Additionally, the Corporation acknowledges that its general severance pay plans
do not provide for mitigation, offset or reduction of any severance payment
received thereunder. Accordingly, the Corporation further acknowledges that the
payment of severance benefits by the Corporation under this Agreement is
reasonable and will be liquidated damages, and the Executive shall not be
required to mitigate the amount of any payment provided for in this Agreement by
seeking other employment or otherwise, nor will any profits, income, earnings or
other benefits from any source whatsoever create any mitigation, offset,
reduction or any other obligation on the part of the Executive hereunder or
otherwise.
3. TERMINATION FOR WHICH NO SEVERANCE BENEFITS ARE PAYABLE
(a) No Severance for Termination for Cause. The Bank may terminate the
Executive's employment at any time. Anything in this Agreement to the contrary
notwithstanding, under no circumstance shall the Executive be entitled to
severance benefits if his employment terminates for Cause.

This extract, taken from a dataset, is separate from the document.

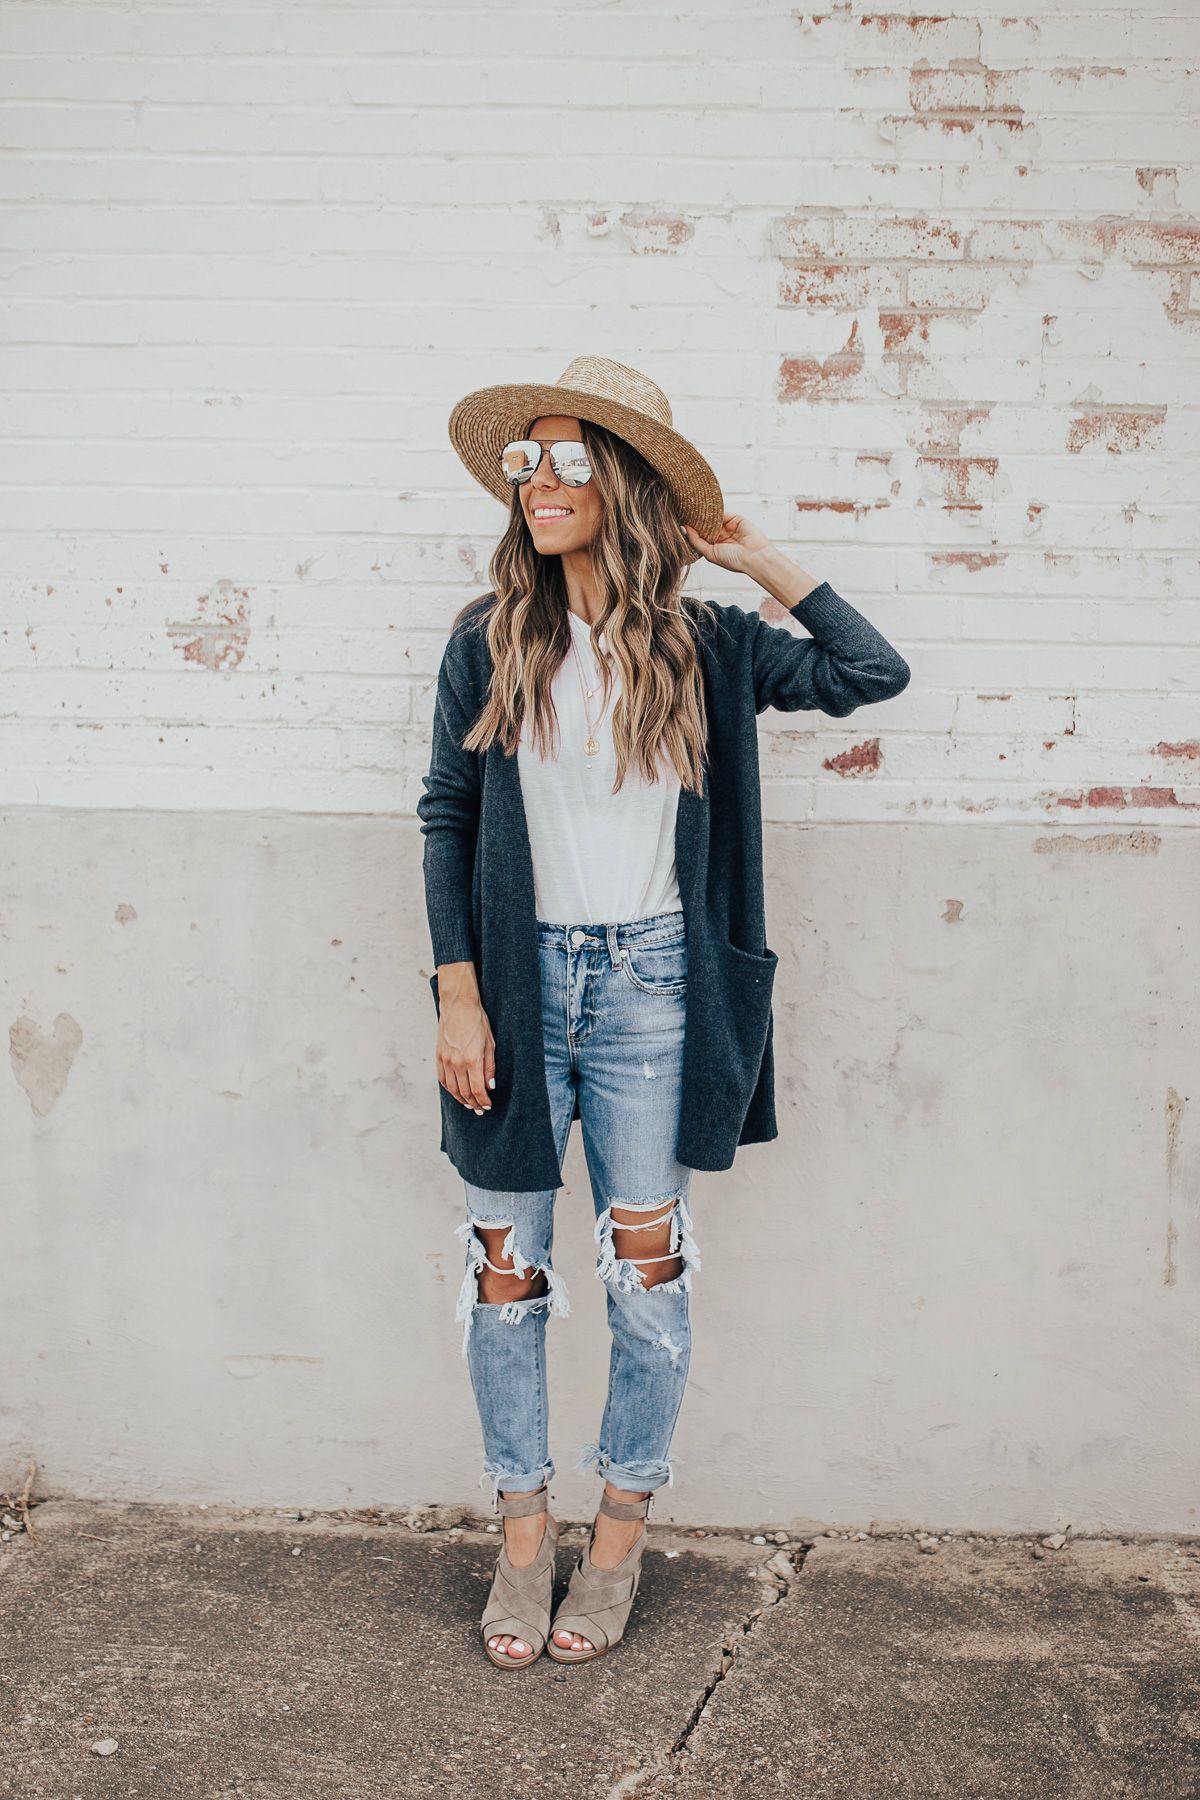 3 Cardigans to Wear With Jeans and a Tee - 3 Cardigans to Wear With Jeans and a Tee -   17 style Casual boho ideas

(1) "Cause" Means Commission of Any of the Following Acts: For
purposes of this Agreement, "Cause" means the Executive shall
have committed any of the following acts -
(a) Fraud, Embezzlement, Theft or Other Crime: an act of fraud,
embezzlement, or theft in connection with his duties or in
the course of his employment with the Corporation or a
Subsidiary, or commission of a felony or commission of a
misdemeanor involving moral turpitude, or
(b) Damage to Property: intentional wrongful damage to the
business or property of the Corporation or Subsidiary(ies),
which, in the Corporation's sole judgment, causes material
harm to the Corporation or Subsidiary(ies), or
(c) Negligence and Other Actions: gross negligence,
insubordination, disloyalty, or dishonesty in the
performance of his duties as an officer of the Corporation
or Subsidiary(ies), or
(d) Violation of Law or Policy: intentional violation of any law
or significant policy of the Corporation or Subsidiary(ies)
committed in connection with the Executive's employment,
which, in the Corporation's sole judgment, has an adverse
effect on the Corporation or Subsidiary(ies), or
(e) Disclosure of Trade Secrets: intentional wrongful disclosure
of secret processes or confidential information of the
Corporation or a Subsidiary, which, in the Corporation's
sole judgment, causes material harm to the Corporation or
the Subsidiary, or
(f) Competing with the Corporation: intentional wrongful
engagement in any competitive activity. For purposes of this
Agreement, competitive activity means the Executive's
participation, without the written consent of a senior
executive officer of the Corporation, in the management of
any business enterprise if (1) the enterprise engages in
substantial and direct competition with the Corporation, (2)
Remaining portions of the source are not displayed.